Luminary is a subscription podcast network that launched on 23 April 2019.

History 
It was launched by Luminary Media LLC, a venture-backed company, that was co-founded in 2018 by Joe Purzycki, and Matt Sacks. Preceding the launch, the company had raised $100 million in venture capital, from New Enterprise Associates and Sinai Ventures, among others. Nicholas Quah, writing for Vulture.com, described Luminary's launch week as "horrific", with licensing and permission issues, and other controversies. In late 2019, Simon Sutton replaced Matt Sacks as CEO.

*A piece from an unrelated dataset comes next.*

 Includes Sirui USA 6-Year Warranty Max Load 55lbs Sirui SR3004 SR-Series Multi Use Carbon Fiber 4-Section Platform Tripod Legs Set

In May 2020, Bloomberg News called Luminary a "money-losing podcasting startup" with an app that "has struggled to find an audience since its debut in April 2019. Only about 80,000 people who tried the app have remained paying subscribers" per sources. Bloomberg reported that the company had received "$30 million in a new round" of investment and was looking for additional funding due to the COVID-19 pandemic. Nicholas Quah, for Nieman Lab, commented that in light of Bloomberg's report "it would seem that Luminary's fundamental problem is that it didn't end up signing anybody who had a powerful enough pull to drive that many paid listeners. Sure, it assembled a catalog of interesting stuff, but it doesn't have a world-building Howard Stern/Bill Simmons-level asset, plain and simple".  

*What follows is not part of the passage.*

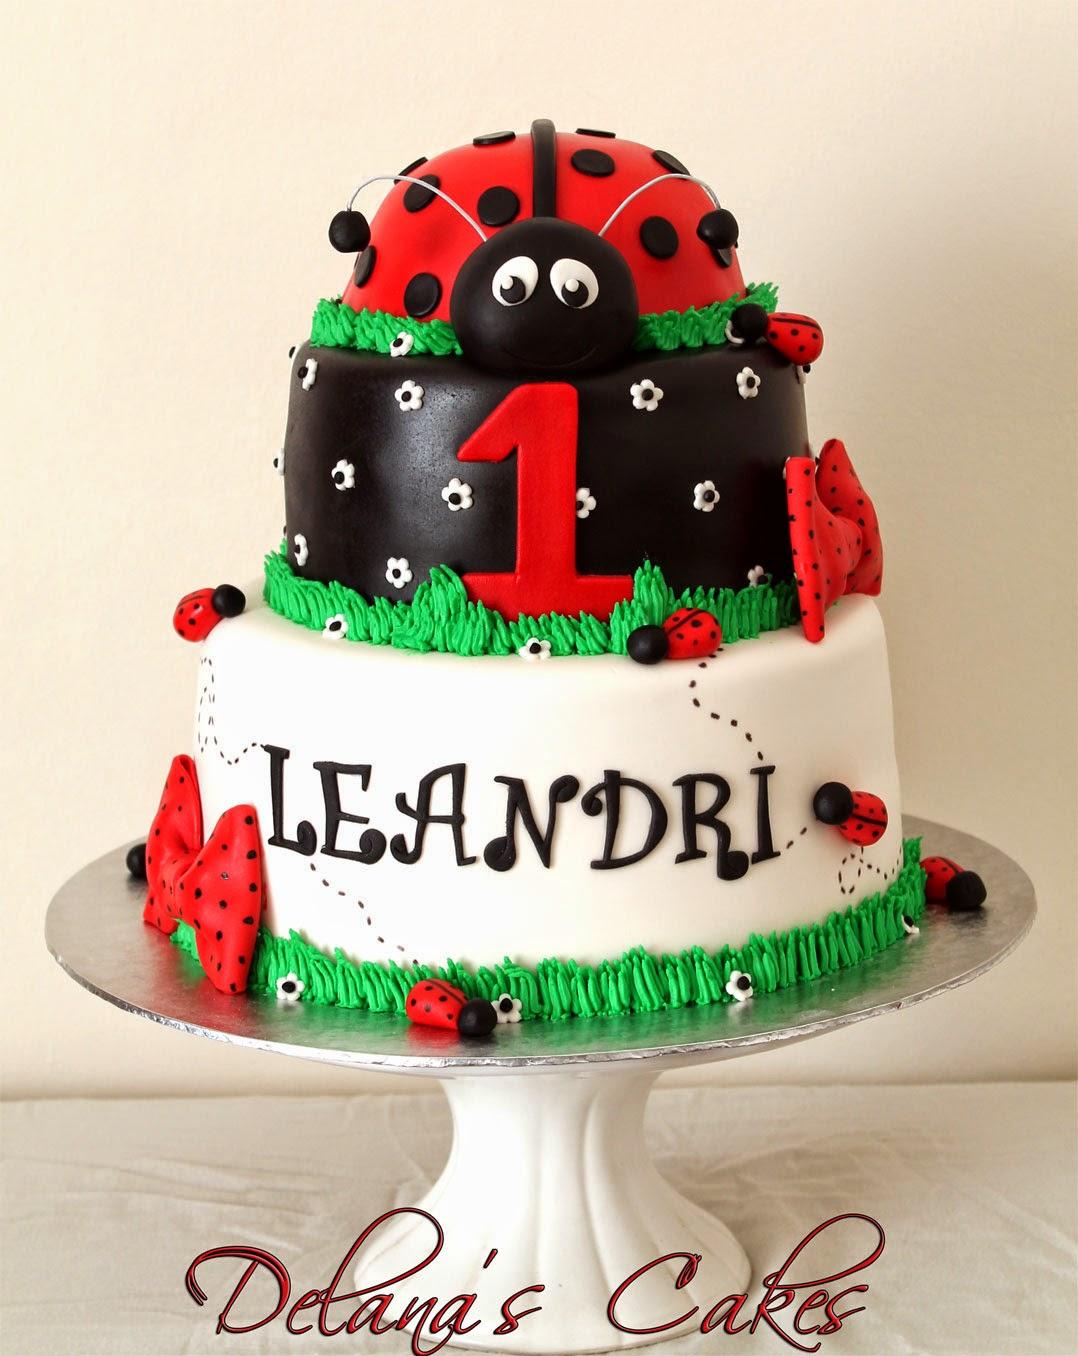 Delanas Cakes Ladybug Birthday Cake

Early 2022, Rishi Malhotra became CEO. In March 2022, Dave Chappelle's Pilot Boy Productions invested in Luminary with an undisclosed sum; Chappelle's podcast is also hosted by Luminary. Later that month, Jacob Kastrenakes, for The Verge, commented that "maybe Luminary's subscription-only podcast model still has legs". However, after scanning "the company's website before my chat with Malhotra, and nearly all of the shows featured on the front page hadn't posted new episodes in the past six months. In fact, if you look around Luminary's website, it's hard to find any shows that have updated recently. That's a tough sell for a service with a monthly subscription fee. [...] Luminary shows will continue to start and stop publishing throughout the year, Malhotra said, being produced in seasons more like a TV show".